While faith is the substance that draws the life and essence of God into our reality, fear does quite the opposite. It pulls death, sickness and calamity into our reality. Anxiety has the power to replicate symptoms of real sickness in our bodies. This is done repetitively, until we believe and accept what is happening to us, and our faith in the reality of what our symptoms point to will materialize and become real if we do not break it.
I started on the prescribed medication for a while, but quickly noticed one very obvious side effect taking form. In the quiet of just sitting and meditating, I would have a suicidal thought. That took me by surprise on occasions, and was very frightening. So, now I had a choice to make. I choose to commit my mental health to God, despite what I was going through.
I have been to seven different Doctors in three years for symptoms appearing from my head to my groin. It has been a very uncomfortable and trying journey, but I refused the medication and choose to trust God and I found this to be the hardest thing I have ever done in my life.
Having faith in God is easy to say, but very hard to walk out. I love the story of Peter on the boat, with Jesus walking on water and usually reference this in my messages and teachings.
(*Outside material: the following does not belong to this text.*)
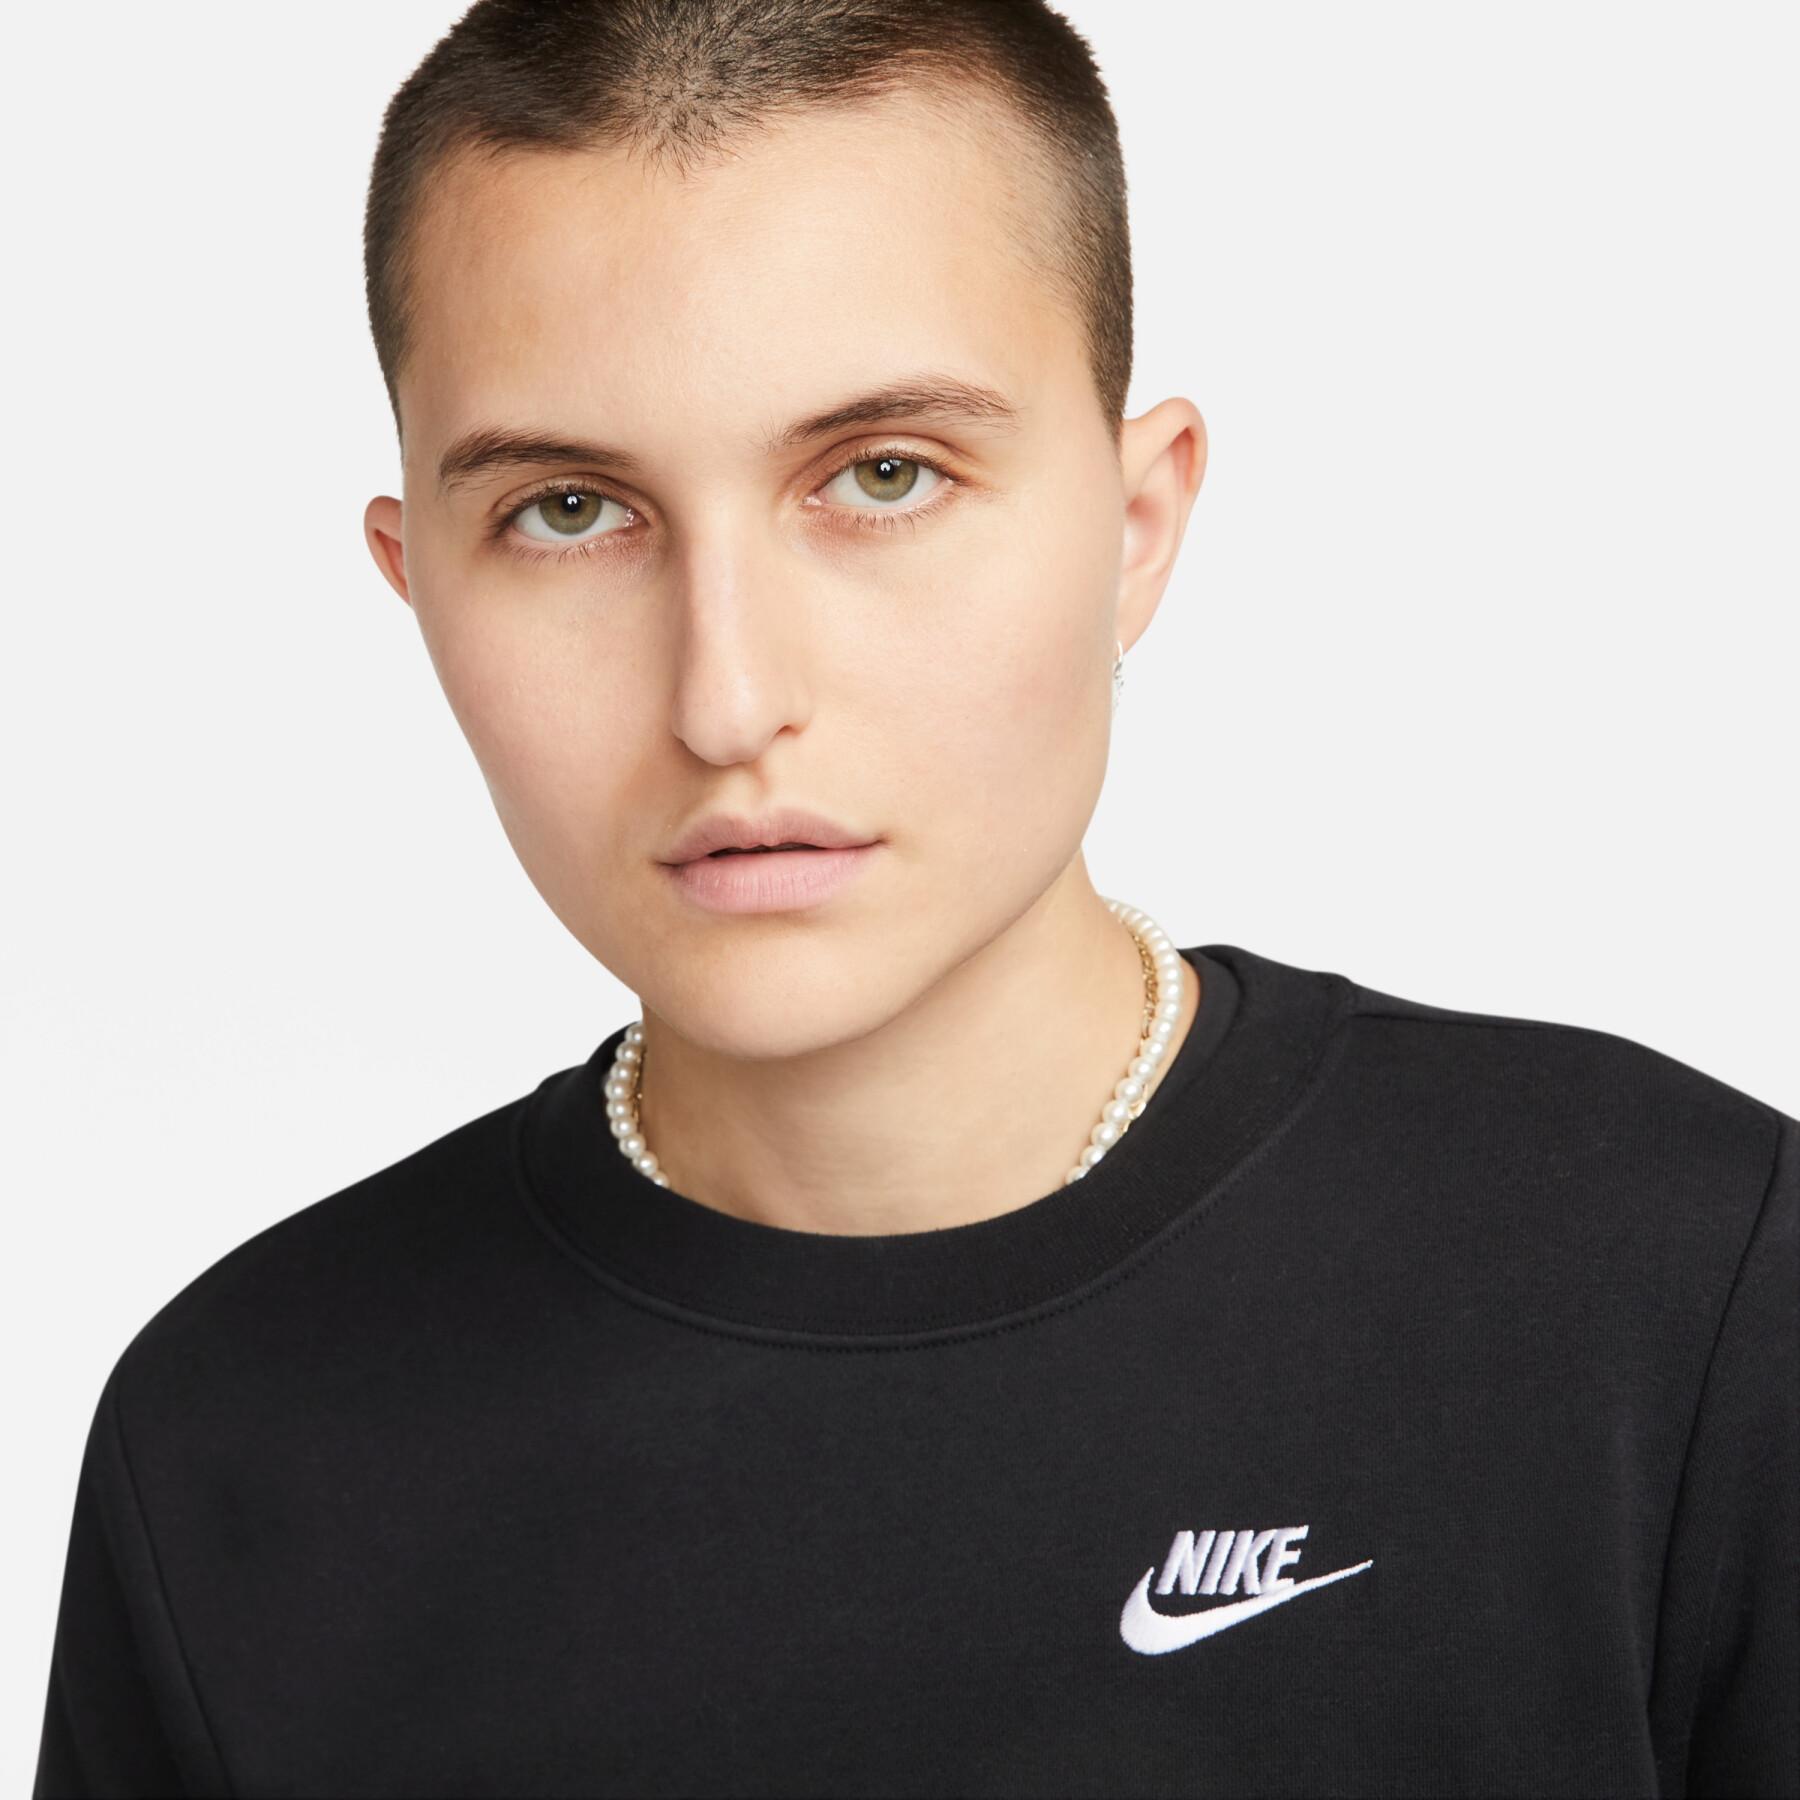 Sweatshirt mit Rundhalsausschnitt, Damen Nike Sportswear Club

Jesus, I believe, gave an open invitation to everyone on the boat when He said, “Come.” Only one dared to take the offer. We must understand that there is nothing natural about walking on water, and the boat is our security and safety. At this time, the winds and waves were a little boisterous, so that makes it even worse. But Peter wanted to be where Jesus was, and took a bold step off the boat. Most preachers may want to focus on the fact that he started to sink, and had to be saved… but I like to meditate on the fact that he actually took a few steps. That was commendable. Today the body of water represents everything we wrestle with and against. The boat could easily be our church building. It is our comfort zone, a place we find refuge from the outside storms… and very few want to leave the boat. Jesus was walking on every circumstance that we face, and He is giving an open invitation for us to ‘come’ and do the same.
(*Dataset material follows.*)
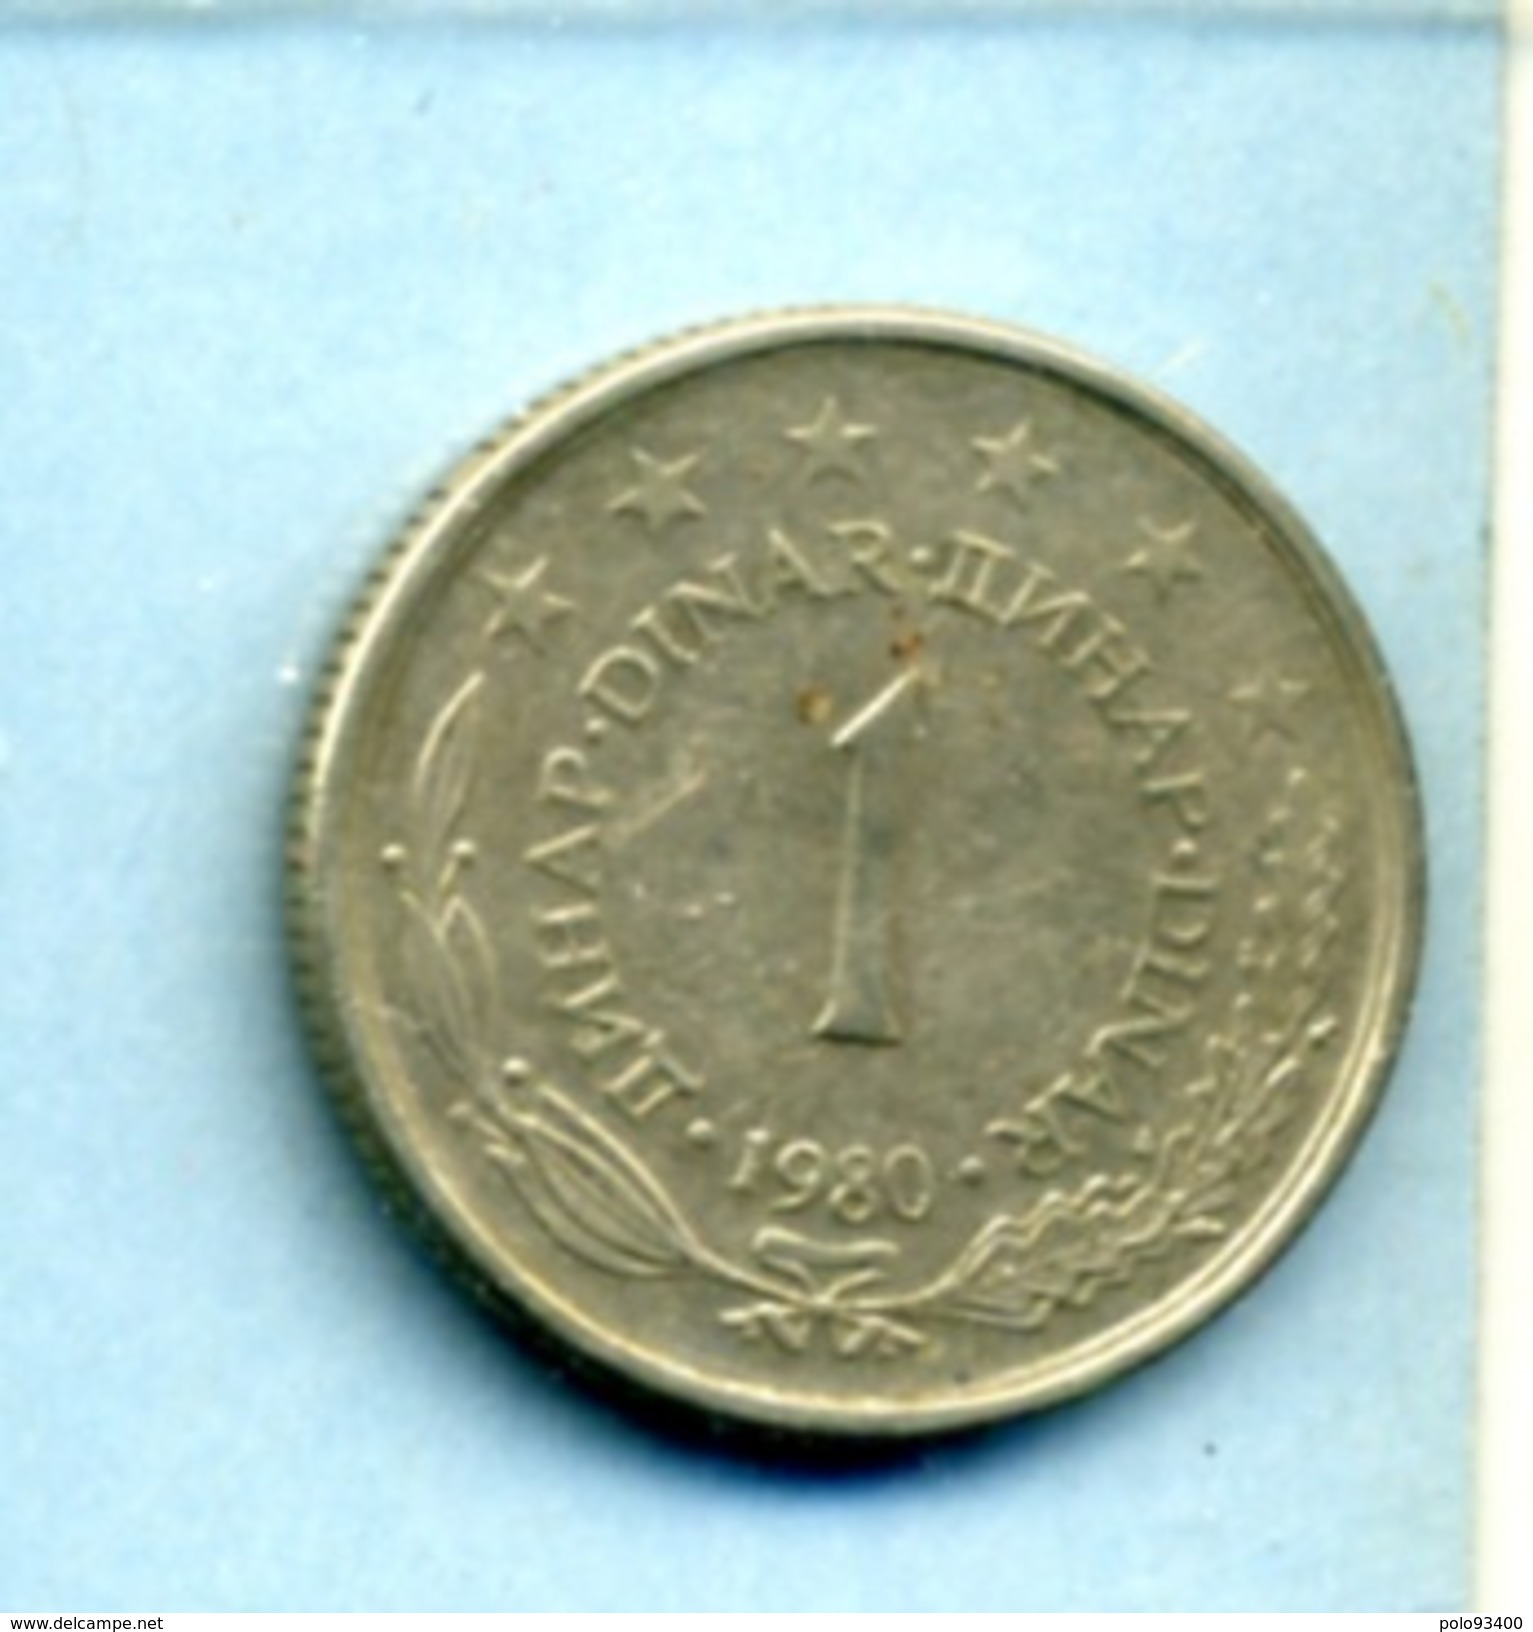 1980 1 DINAR - Yugoslavia

There’s a breath of revival blowing across the land. I believe that we have to conquer the overwhelming giant of fear that we have cohabited with for many years before we can move into what God is calling us to do. Faith and fear cannot operate simultaneously. One will always cancel the other. Our participation is required for us to be of any use in the hands of God to change this world, His church and bride into the glorious church we were meant to be. God has very little use for a fearful soldier. I was ignorant to the fact that my life was built on the foundation of the fear of death. The fear of death is a breathing ground for anxiety, panic disorders and phobias. God’s kingdom is based on our willingness to lay down our lives. Do you see the conflict?
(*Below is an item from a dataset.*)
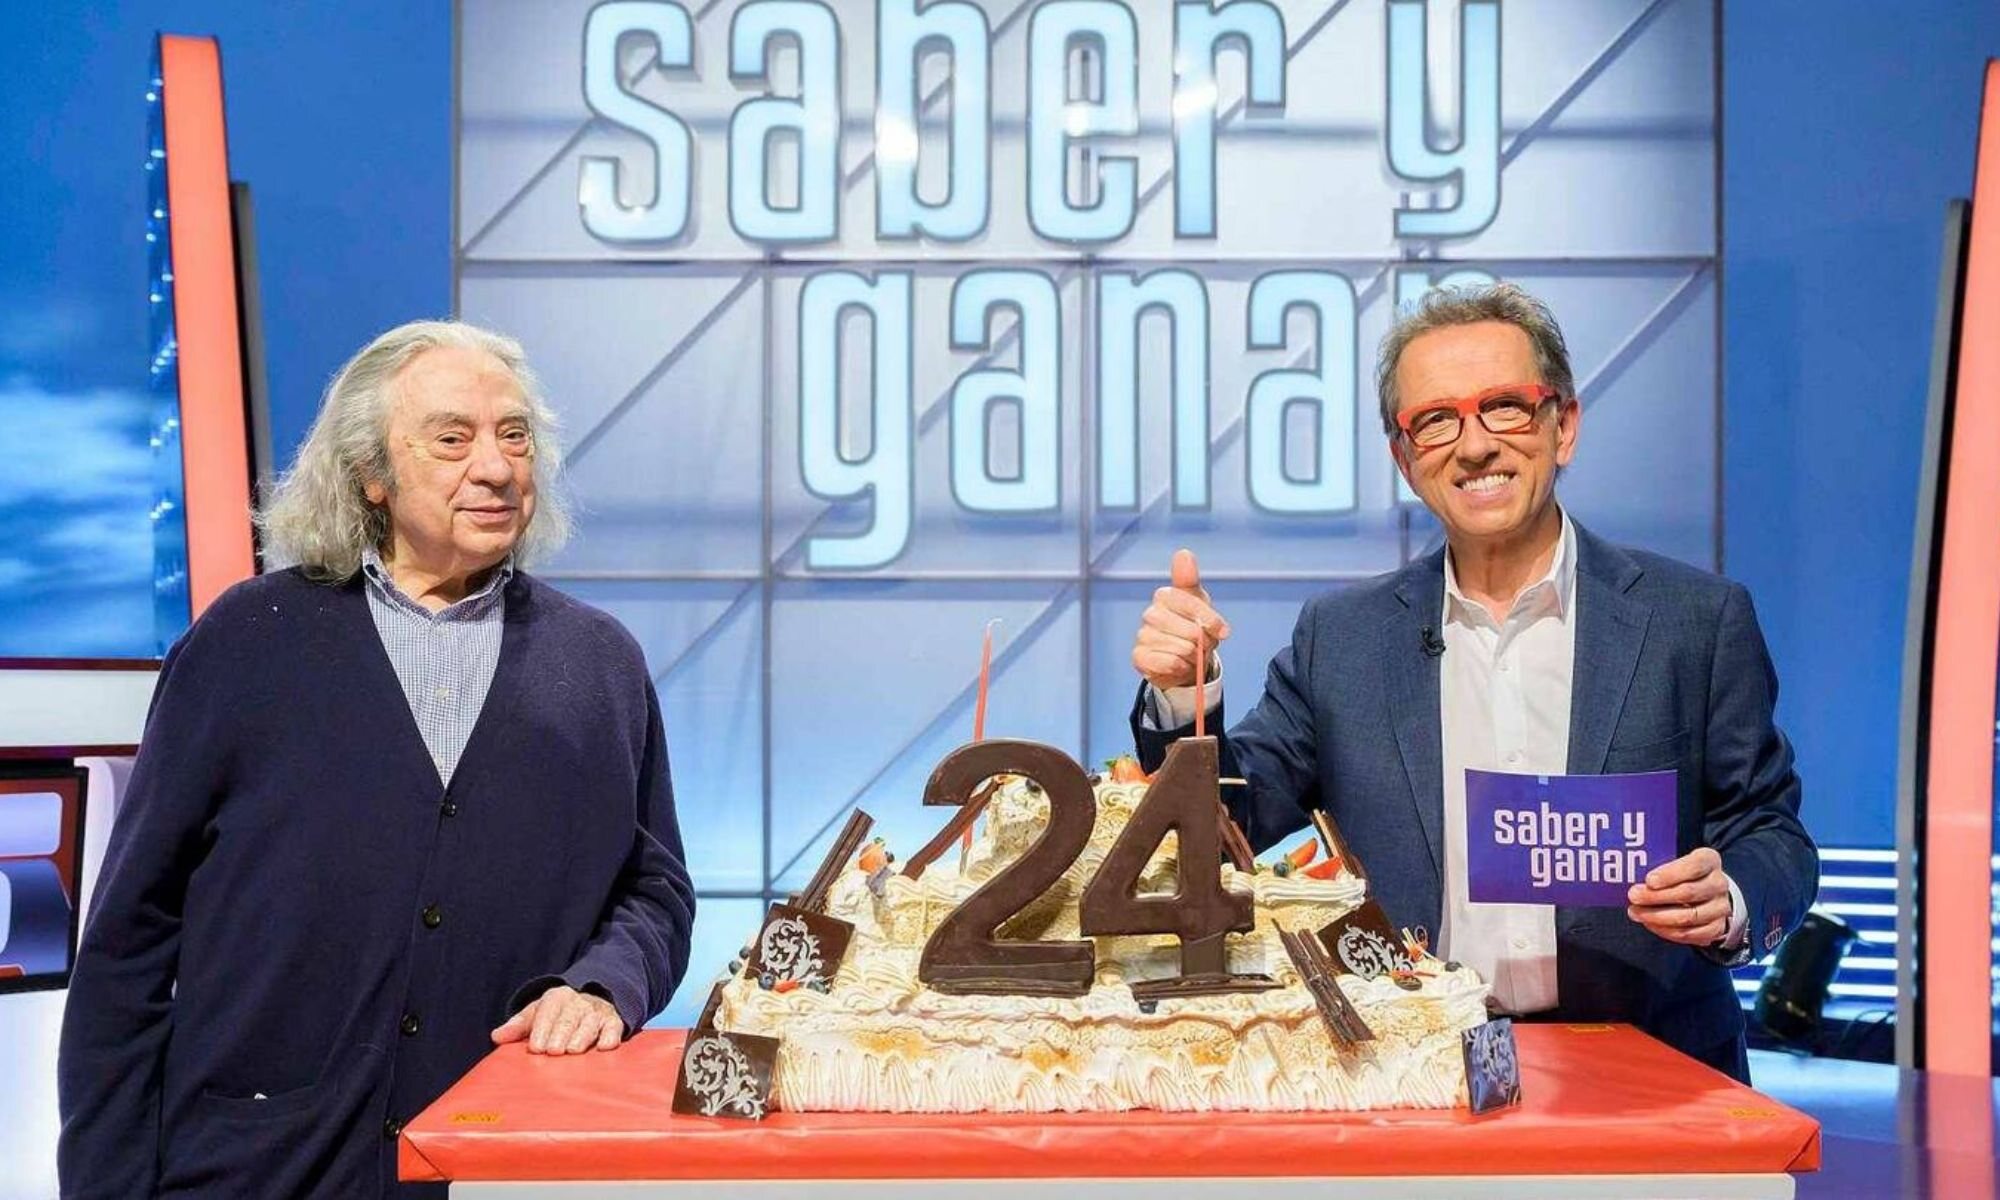 Jordi Hurtado y Sergi Schaff en 'Saber y Ganar'

There are four principles you must adapt if you are facing off with the giant of fear. None of these practices will produce an overnight result, but eventually your spirit man will begin to mature and your mind renewed. When this begins to happen, the size of your giants will decrease. Sometimes the very big mountains and large giants in your life is a matter of perspective, rooted in deception. The enemy will always convince us that he is bigger than he actually is. The danger with this is, the bigger he seems is the smaller our God gets. Imagine humanity trusting more in medication fashioned and made by man, than in the living and true God who created all things. There is a greater release of faith inside a doctor’s office when a prescription is given. I know, because I have walked that path. God wants you to trust and believe in Him. Seek Him first in all things.